Today I learned the value of the egg when baking. I was preparing a package of Trader Joe's Gluten Free Brownie Baking Mix (which is pretty easy to make under normal circumstances.) You just take the mix, add an egg, 1/2 cup of oil (or applesauce), and 1/4 cup water. I mixed the ingredients but wasn't happy with the texture. It was kinda crumbly and dry like nothing really dissolved but got wet. I looked at the directions to make sure I added the right amount of additional ingredients - check. I added another 1/4 cup water. Still not right. I check the directions again to see if it uses the word "spread" or "press" into the pan. It says to spread the batter but I don't really think I can "spread" it but maybe it will be okay once baked. I know! I'll add some chocolate chips to help the liquid amount in the mix better equalize. I don't remember it being this weird the last time I made it but it had been a while so maybe I just forgot. I again try to reassure myself that it will be okay once baked. This is after all a gluten-free dairy-free soy-free recipe and they do often look different before baking.

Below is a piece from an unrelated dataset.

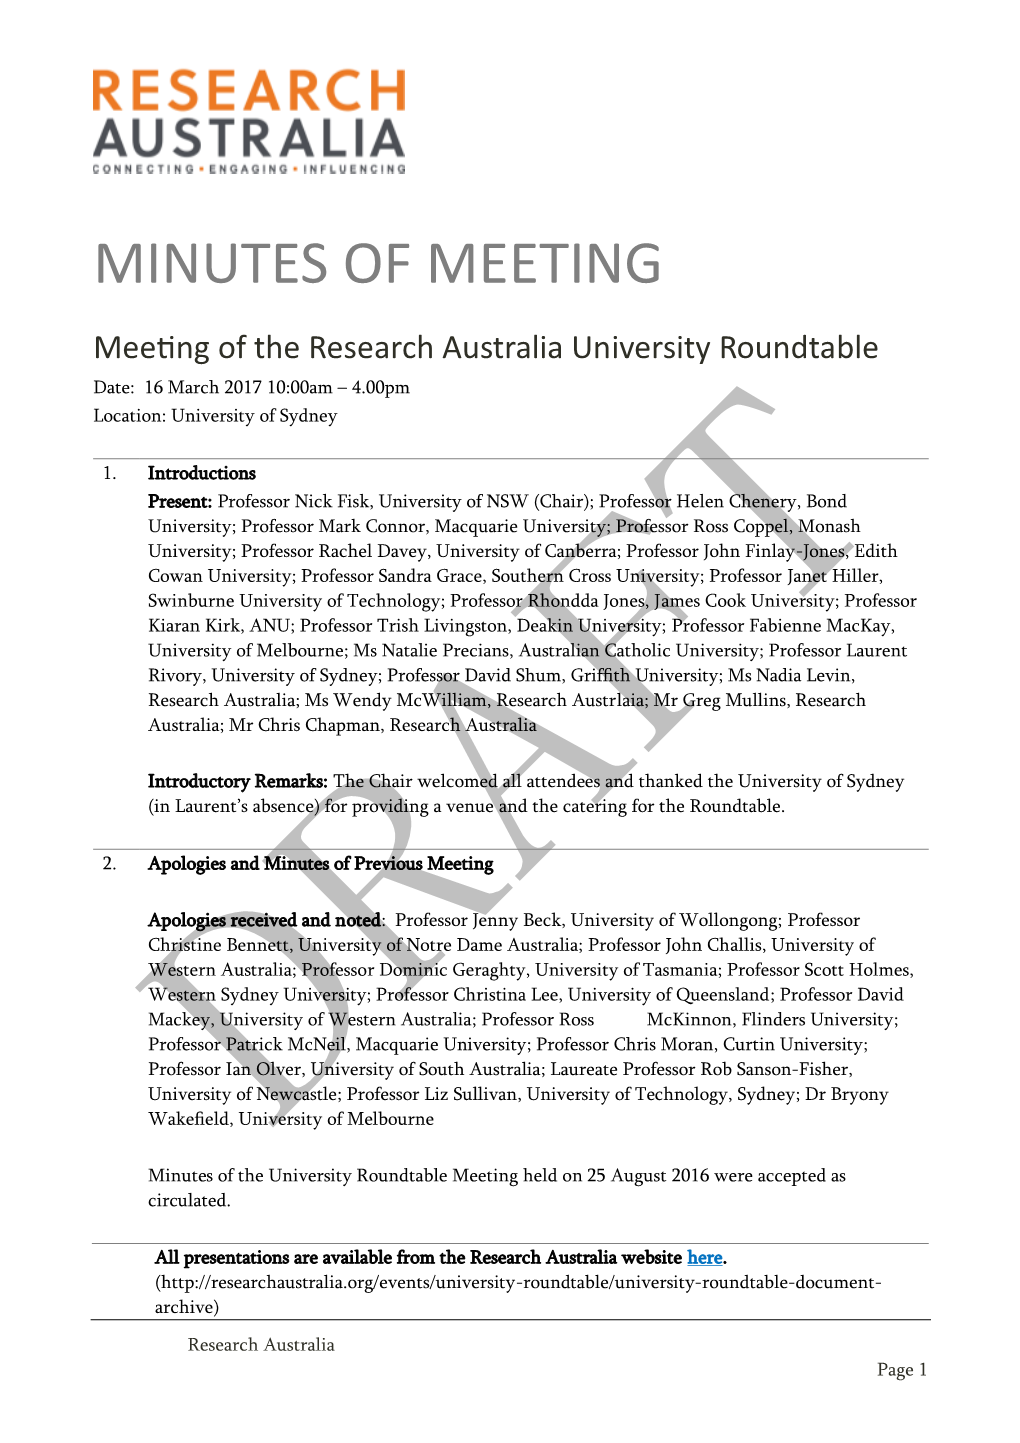 MINUTES of MEETING Meeting of the Research Australia University Roundtable Date: 16 March 2017 10:00Am – 4.00Pm Location: University of Sydney

I press it flat with my hands into the 8x8 pan and put it in the oven and hope for the best. As I'm cleaning up my area I notice - the egg!! Shoot! I forgot the egg. I quickly stop the timer pull the pan out and thankfully only 2 minutes have gone by so I should be able to add the egg with no problem. Voila! It NOW looks like brownie batter and the only thing to have really "cooked" were the chocolate chips, and only partly.

The brownies were delicious and more moist than the last time I made them. I'm guessing it's the extra water I added.